And it's still freaking hot.
22:49
@Cerberus Where in the world are you?
Schiphol has 72, although the 82% humidity must be miserable. Is it raining?
@tchrist Amsterdam.
Remember, the city is much warmer than a random airfield.
I’d’ve supposed it’d’ve been somewhat warmer.
And the city centre is warmer again than the neighbourhood slightly outside the centre proper, where I was having a beer an hour ago.
You’re hot from drinking then.
Then it is much warmer inside than outside.
22:54
I can’t find anything in the area that’s even 80.
No, it's not the drink.
Inside doesn’t count.
My thermometre says it is 27 °C inside. But I don't trust it: it is probably warmer.

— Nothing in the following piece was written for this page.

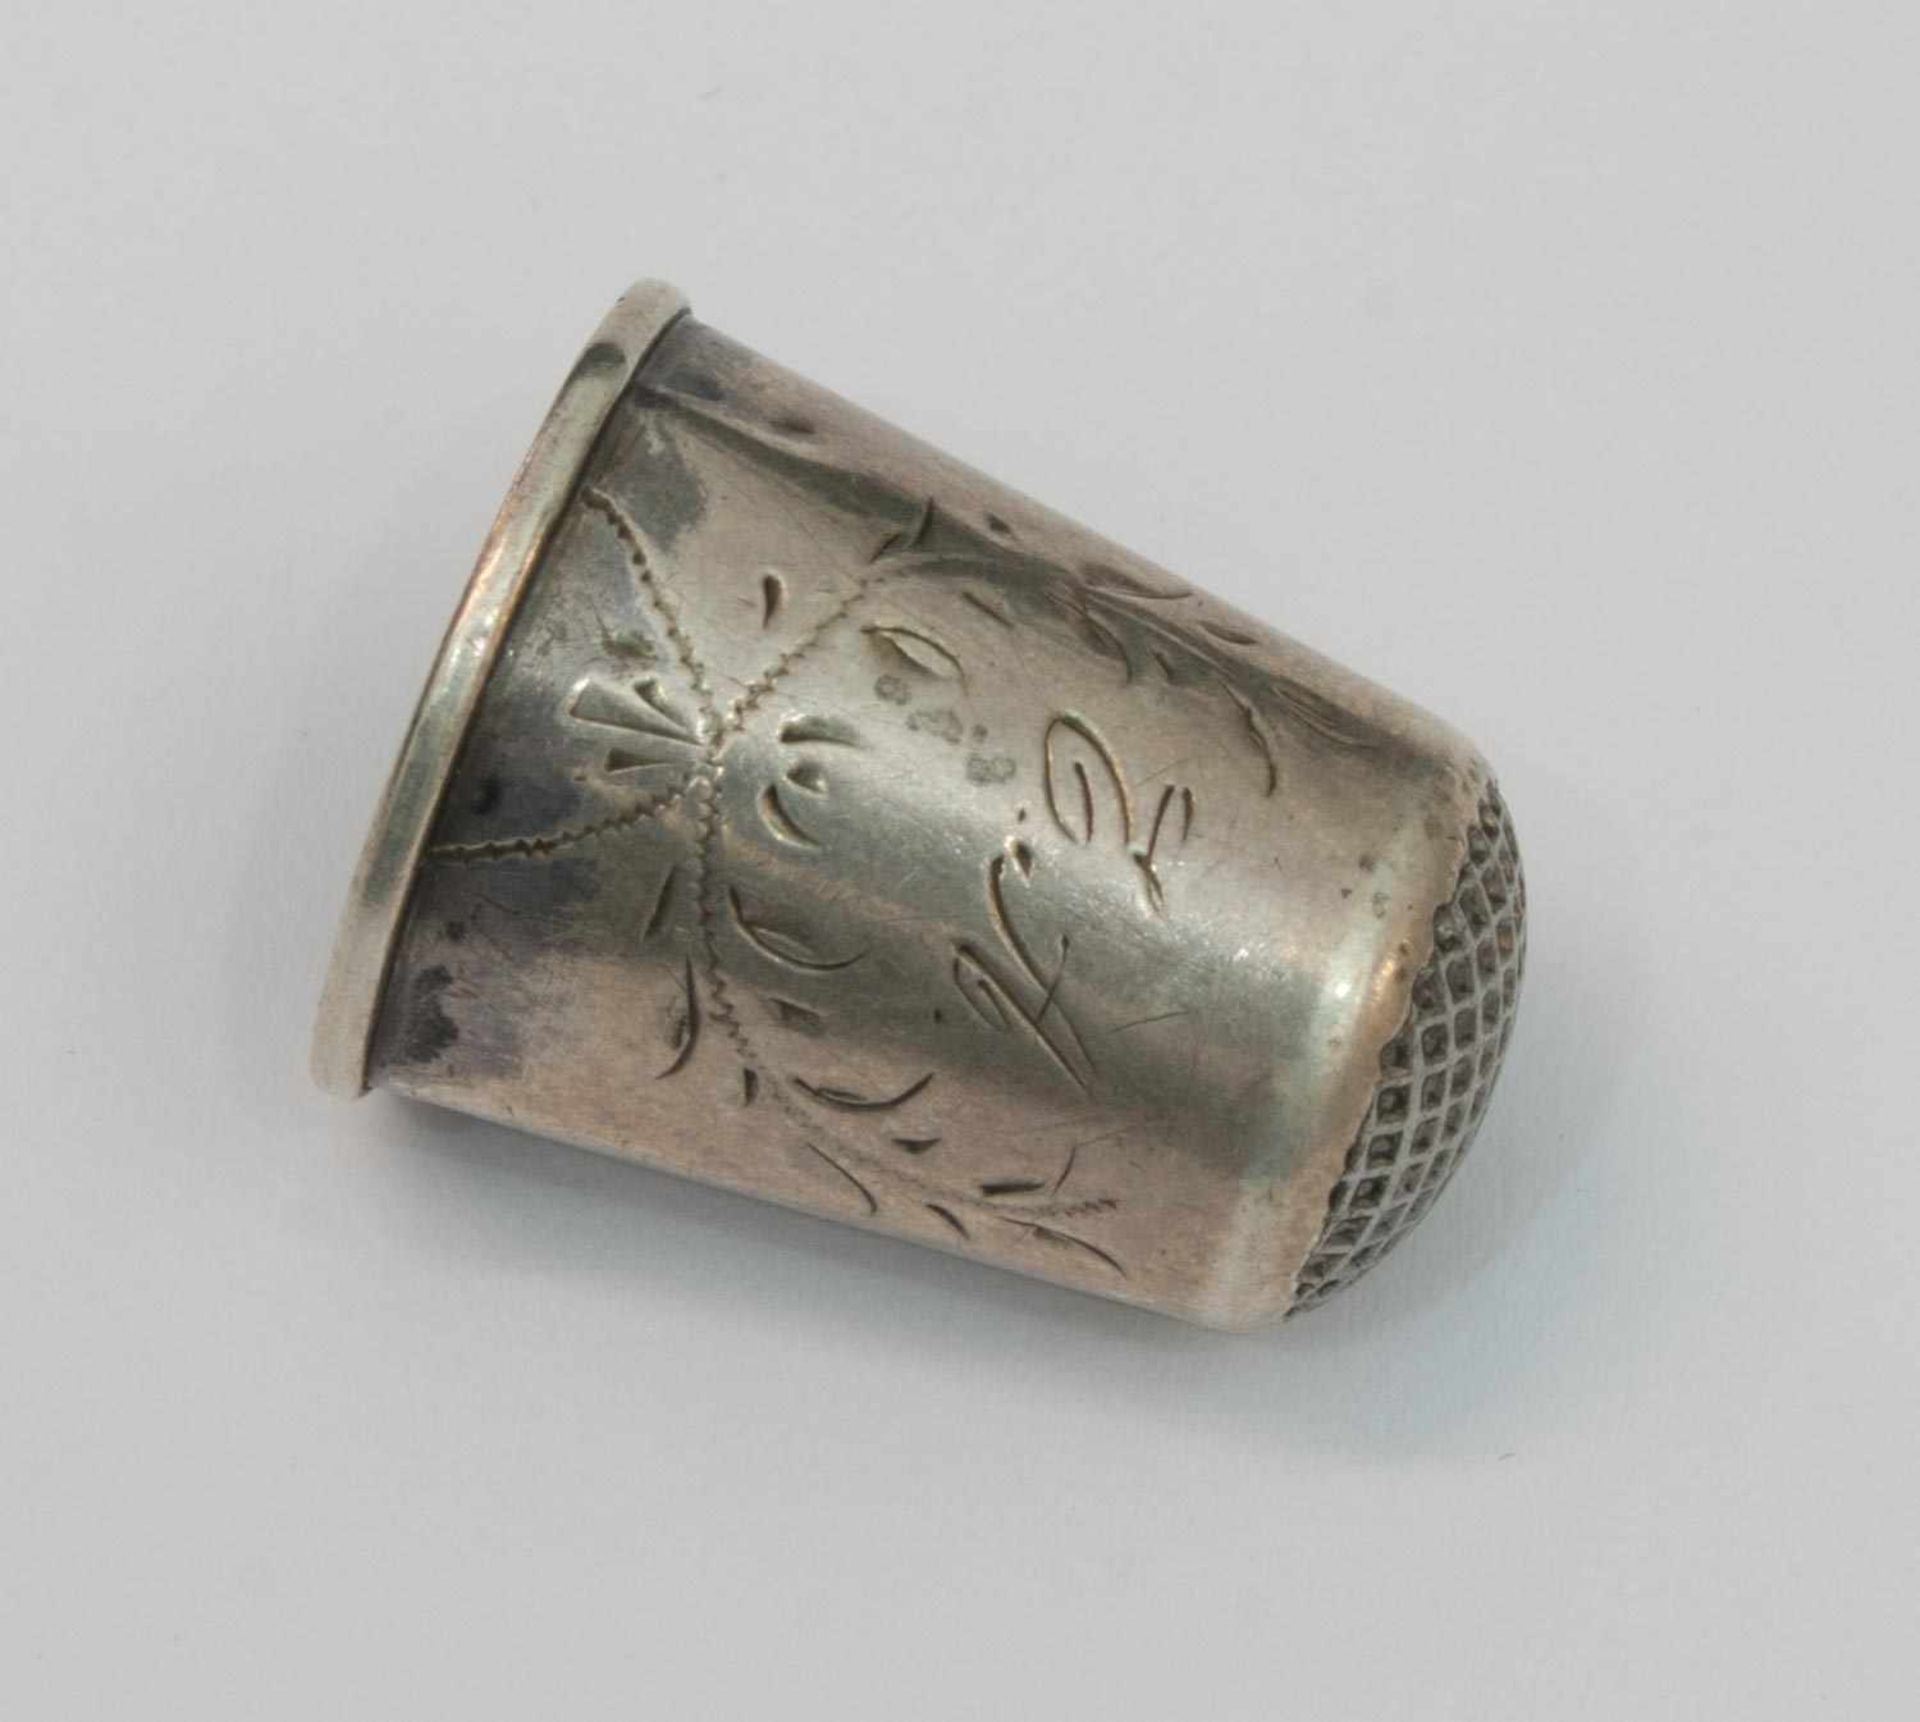 Fingerhut Schweden 1907, 830er Silber, floraler ziselierter Dekor, H. 2,2 cm

Scroll down to the "Weather Stations" portion.
Yes, that is the weather-station temperature.
22:55
So?
But one can feel the bricks and stones radiating heat here.
I find 80 to be plenty hot at 82% humidity and dead air. I find 100 to be plenty cool in 2% humidity with a breeze.
At the country house, sitting nearer to the walls was much hotter than sitting a few paces away on the grass.
Indeed: air temperature at some random place several km away says very little about how hot it actually feels, which is what matters.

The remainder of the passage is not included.